I didn't think through carefully what I mean by 'density' other than to say: I mean '# of chokepoints the defender needs to defend, in a typical stretch of frontline' So, number of edges in the network (per sq km) sounds like a reasonable proxy for what I mean by density at least.
I also have zero hours of combat experience haha. I agree this is untested conjecture & that reality is likely to contain unexpected-by-me surprises that will make my toy model inaccurate or at least incomplete.
Idk about others. I haven't investigated serious ways to do this,* but I've taken the low-hanging fruit -- it's why my family hasn't paid off our student loan debt for example, and it's why I went for financing on my car (with as long a payoff time as possible) instead of just buying it with cash.
*Basically I'd need to push through my ugh field and go do research on how to make this happen. If someone offered me a $10k low-interest loan on a silver platter I'd take it.
Good point re 2. Re 1, meh, still seems like a meta-argument to me, because when I roll out my mental simulations of the ways the future could go, it really does seem like my If... condition obtaining would cut out about half of the loss-of-control ones.
Re 3: point by point:
1. AISIs existing vs. not: Less important; I feel like this changes my p(doom) by more like 10-20% rather than 50%.
2. Big names coming out: idk this also feels like maybe 10-20% rather than 50%
3. I think Anthropic winning the race would be a 40% thing maybe, but being a runner-up doesn't help so much, but yeah p(anthropicwins) has gradually gone up over the last three years...
4. Trump winning seems like a smaller deal to me.
5. Ditto for Elon.
6. Not sure how to think about logical updates, but yeah, probably this should have swung my credence around more than it did.

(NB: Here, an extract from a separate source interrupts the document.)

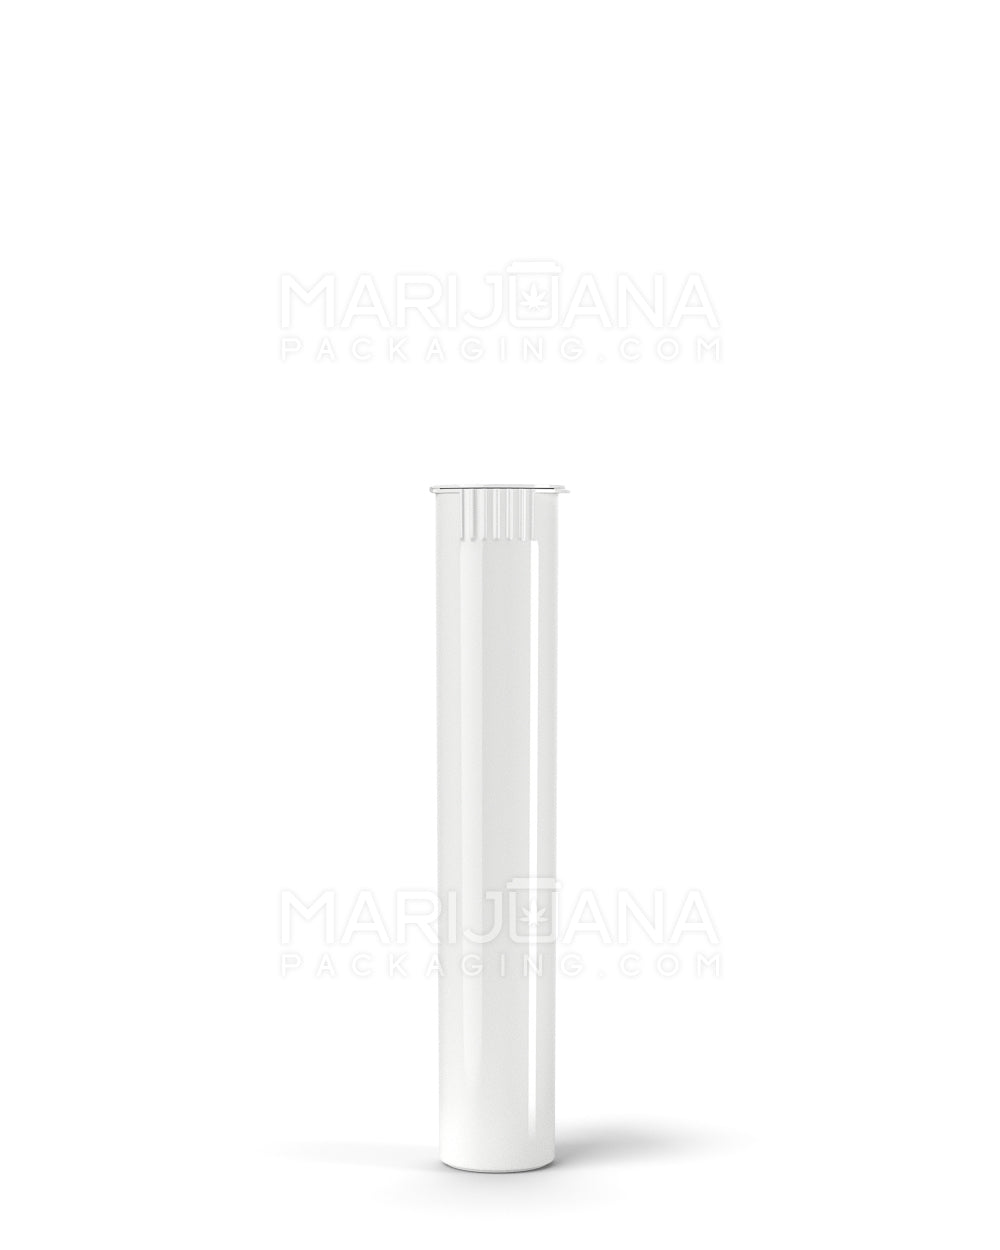 Child Resistant Pop Top Vape Cartridge Tube | 80mm - White | Sample - 3

7. ? This was on the mainline path basically and it happened roughly on schedule.
8. Takeoff speeds matter a ton, I've made various updates but nothing big and confident enough to swing my credence by 50% or anywhere close. Hmm. But yeah I agree that takeoff speeds matter more.

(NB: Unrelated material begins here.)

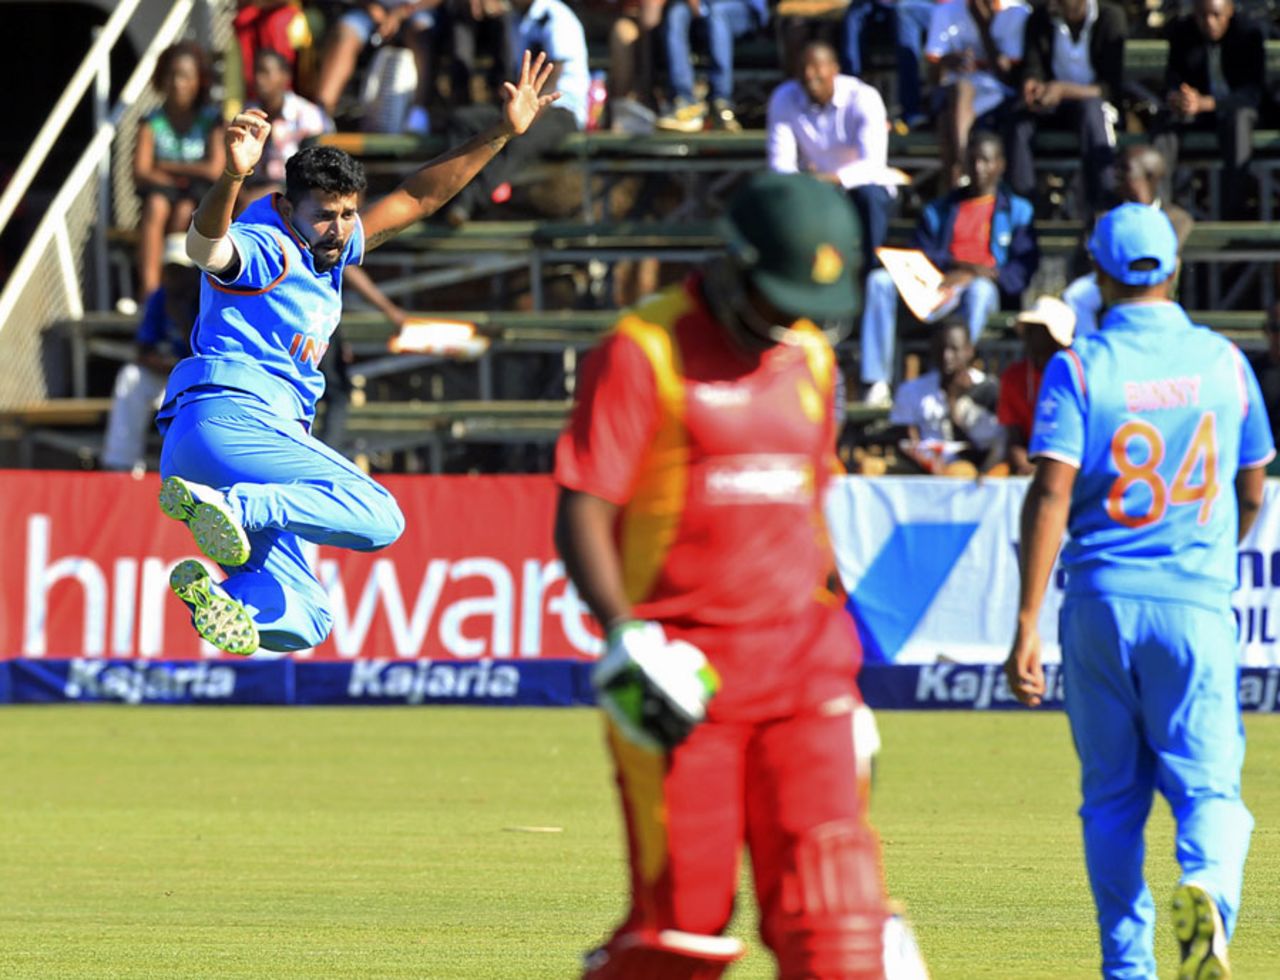 M Vijay clicks his heels together in celebration after dismissing Elton Chigumbura, Zimbabwe v India, 3rd ODI, Harare, July 14, 2015

9. Picture here hasn't changed much in three years.
10. Ditto.
OK, so I think I directionally agree that my p(doom) should have been oscillating more than it in fact did over the last three years (if I take my own estimates seriously). However I don't go nearly as far as you; most of the things you listed are either (a) imo less important, or (b) things I didn't actually change my mind on over the last three years such that even though they are very important my p(doom) shouldn't have been changing much.
But IMO the easiest way for safety cases to become the industry-standard thing is for AISI (or internal safety factions) to specifically demand it, and then the labs produce it, but kinda begrudgingly, and they don't really take them seriously internally (or are literally not the sort of organizations that are capable of taking them seriously internally—e.g. due to too much bureaucracy). And that seems very much like the sort of change that's comparable to or smaller than the things above.

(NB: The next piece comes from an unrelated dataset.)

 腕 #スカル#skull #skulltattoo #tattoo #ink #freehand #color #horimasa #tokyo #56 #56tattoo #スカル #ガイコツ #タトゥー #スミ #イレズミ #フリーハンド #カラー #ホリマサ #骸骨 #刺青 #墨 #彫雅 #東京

I agree with everything except the last sentence -- my claim took this into account, I was specifically imagining something like this playing out and thinking 'yep, seems like this kills about half of the loss-of-control worlds'
I think I would be more sympathetic to your view if the claim were "if AI labs really reoriented themselves to take these AI safety cases as seriously as they take, say, being in the lead or making profit". That would probably halve my P(doom), it's just a very very strong criterion.
I agree that's a stronger claim than I was making. However, part of my view here is that the weaker claim I did make has a good chance of causing the stronger claim to be true eventually -- if a company was getting close to AGI, and they published their safety case a year before and it was gradually being critiqued and iterated on, perhaps public pressure and pressure from the scientific community would build to make it actually good. (Or more optimistically, perhaps the people in the company would start to take it more seriously once they got feedback from the scientific community about it and it therefore started to feel more real and more like a real part of their jobs)
Anyhow bottom line is I won't stick to my 50% claim, maybe I'll moderate it down to 25% or something.